La reacción de la gente era, por lo general, diáfana. Muy pocos admitían la posibilidad de una larga lucha. La mayoría de gerundenses daban por descontado el próximo triunfo del bando a que perteneciesen por encima de cualquier examen frío y objetivo. Los argumentos del adversario no hacían mella. Estaba en juego algo tan vital, que a la menor duda se movilizaba todo el ser. Buen ejemplo de ello era la viuda de don Pedro Oriol. Al escuchar los alegatos de Axelrod, lo mismo que al leer el nombre de «Glorioso», aplicado a la aviación «leal», exclamaba para sí: «¡Pronto vais a ver, canallas! A cada puerco le llega su San Martín».

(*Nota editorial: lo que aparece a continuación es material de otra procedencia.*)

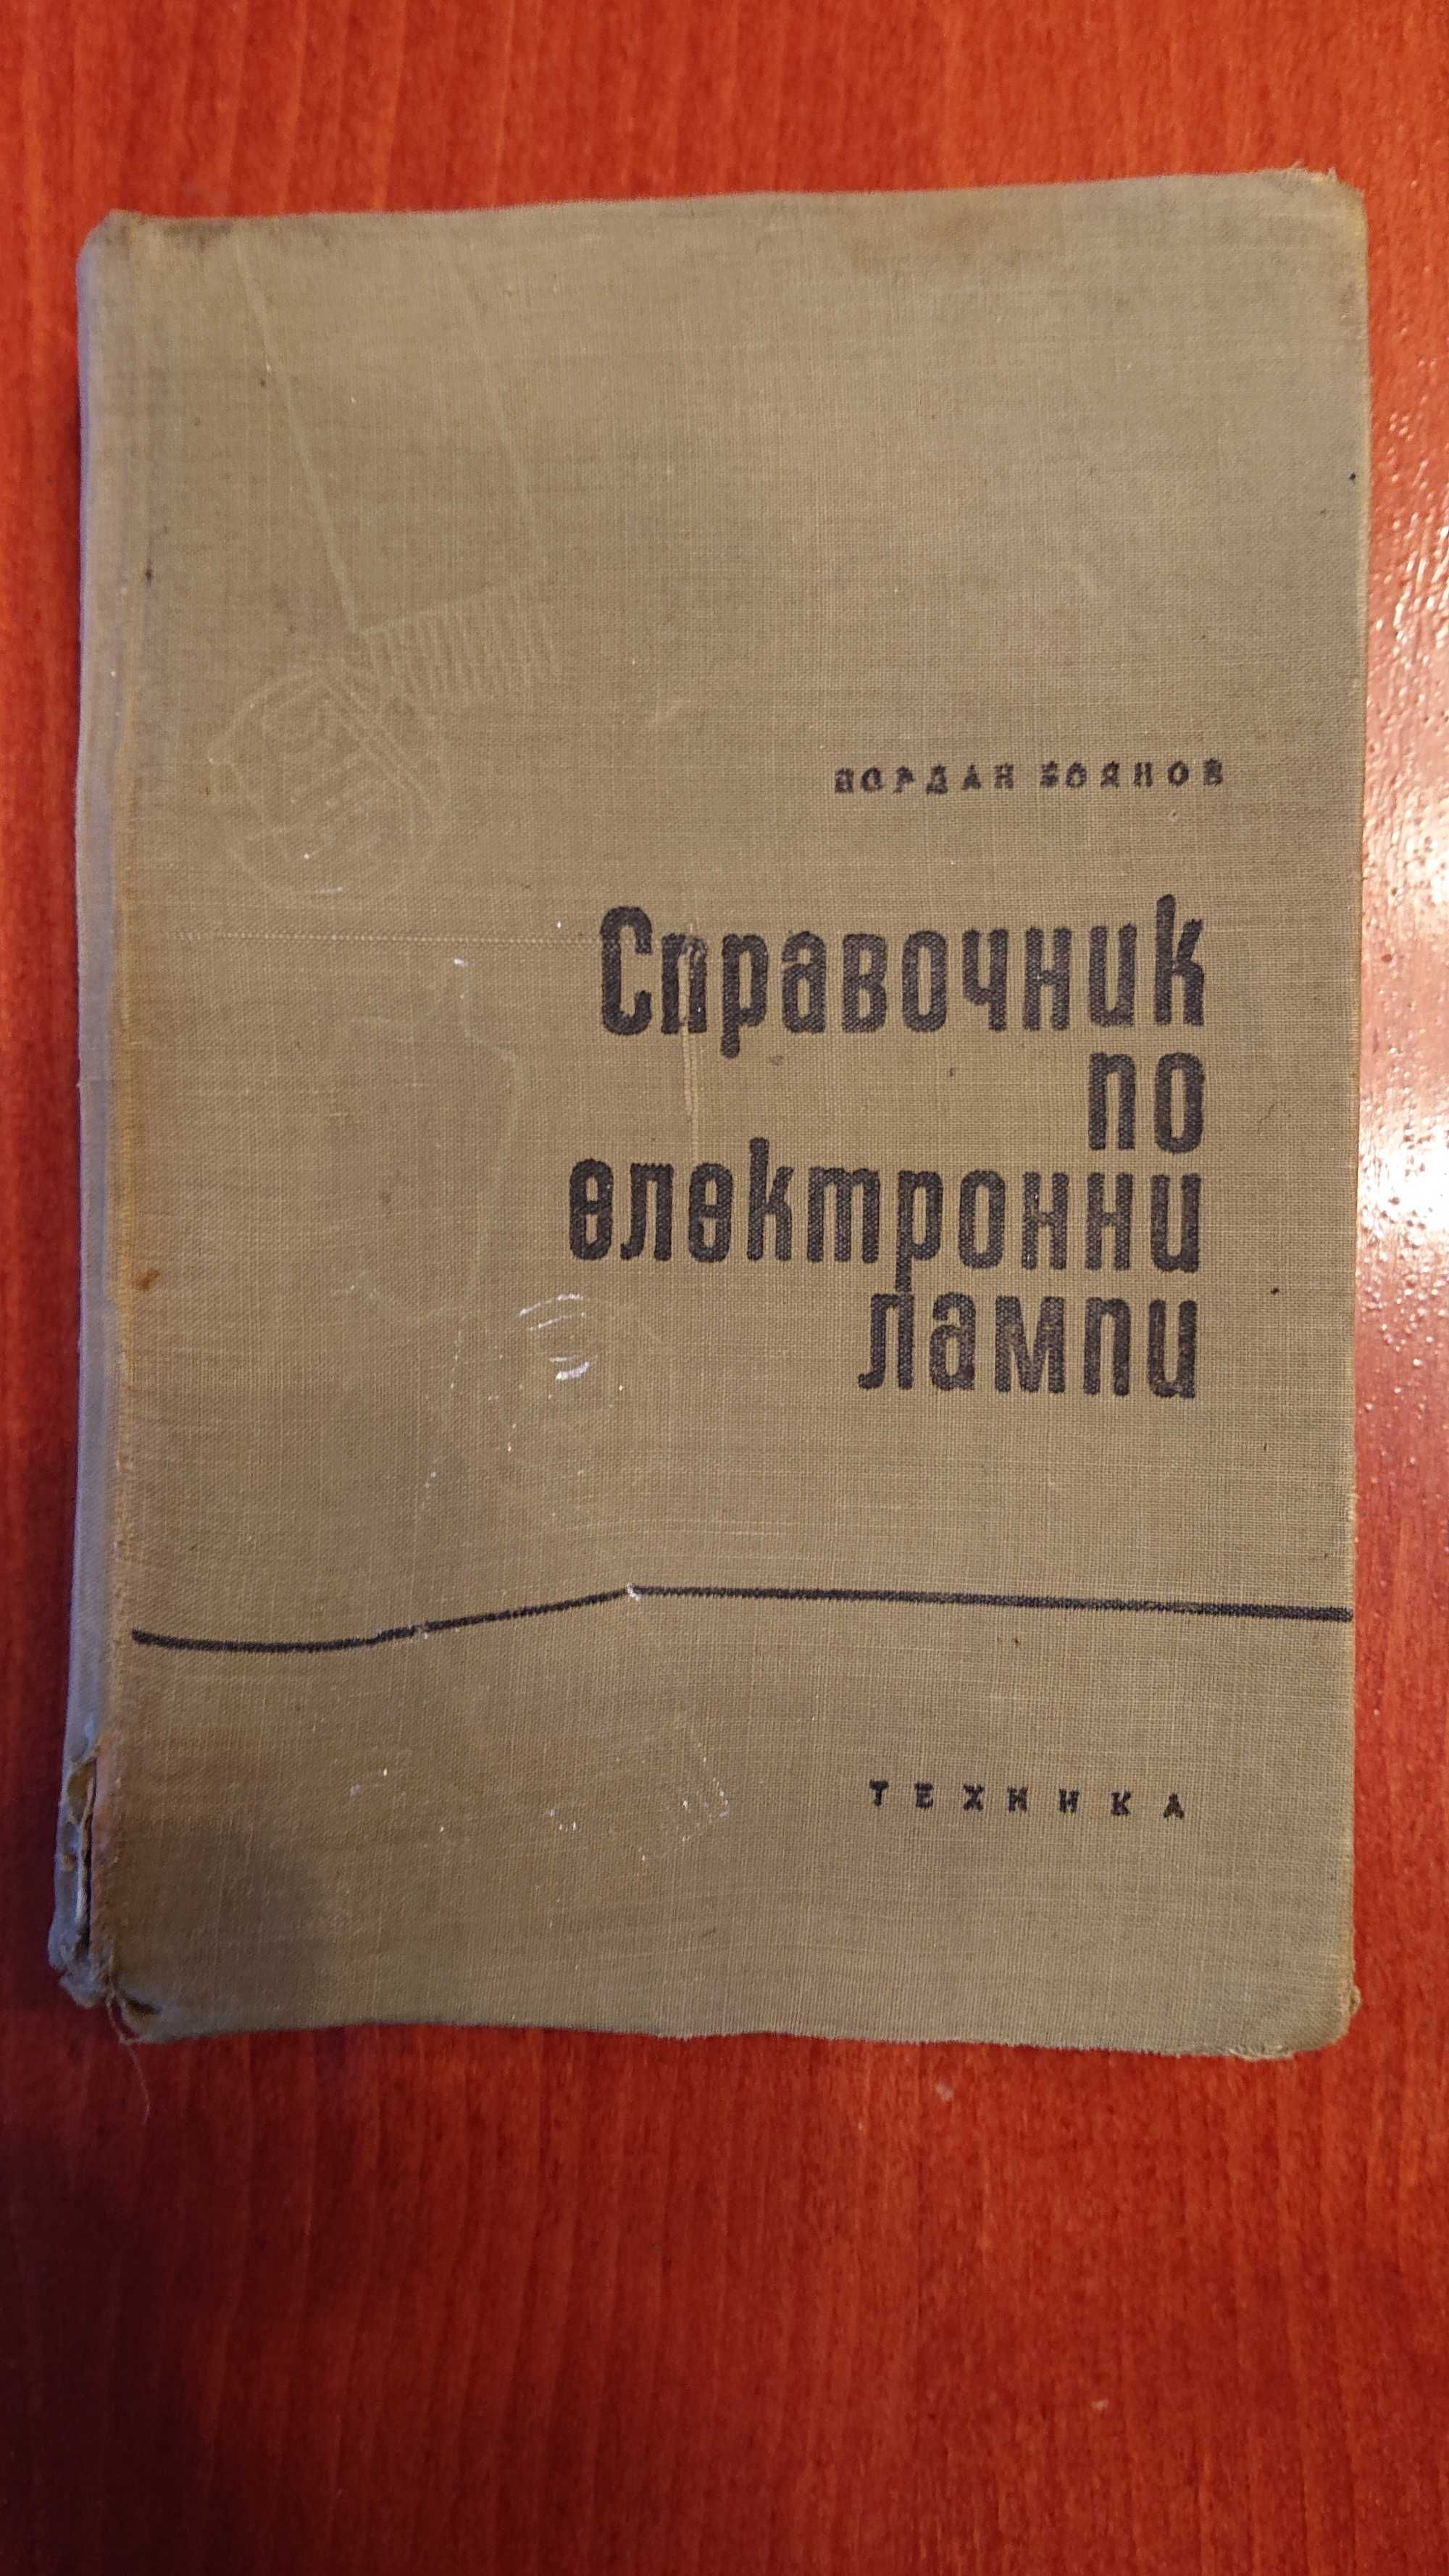 Справочник по електронни лампи автор Йордан Боянов.

Ignacio seguía también de pe a pa la marcha de los acontecimientos. Su naturaleza juvenil había logrado vencer el vacío que la causara la muerte de César. Su tristeza y su asco seguían intactos; pero podía simultanearlos con deseos y con curiosidad. La carta de su primo José, de Madrid, le retrotrajo a la visita que éste hizo a Gerona. ¡Qué experiencia más grande constituyó para él! Todavía le duraban sus efectos. Recordó con relieve casi punzante el tenaz y sensual rostro de su primo, su negro cabello, ondulado, su voz, poderosa y chillona. Frases literales le vinieron a la memoria: «Las murallas no impiden entrar sino salir». «¿Te vienes conmigo, chachi?» «En Madrid, hasta los socialistas hablan de libertad.» El día en que Ignacio, ambos sentados en el balcón después de cenar, le preguntó si había matado a alguien, José contestó: «¡Tú, a jugar limpio!» ¿Qué habría hecho su primo José bajo aquel sol apasionado e inclemente? ¡Cuántos bidones de gasolina por las iglesias…! Probablemente habría tomado parte en el asalto al Cuartel de la Montaña. Ignacio lo imaginaba por las carreteras de Madrid, al volante de un coche requisado, sembrando el pánico, como se decía que el jinete «fascista» Aldo Rossi lo sembraba por los caminos de Mallorca. Seguro que ahora José se había ido al frente de Aragón. Era un fanático, y posiblemente sería un héroe. Debía de llevar gorra y visera de charol y un brazal amarillo con estrella rojinegra. Las balas lo respetarían, porque era un hombre con suerte y sabía eludir el cuerpo. «¡Hola, cachondas! —les diría a las milicianas en el frente—. ¡A ver si me hacéis pasar un rato agradable!» ¿Por qué no conseguía, como Carmen Elgazu, odiar a su primo?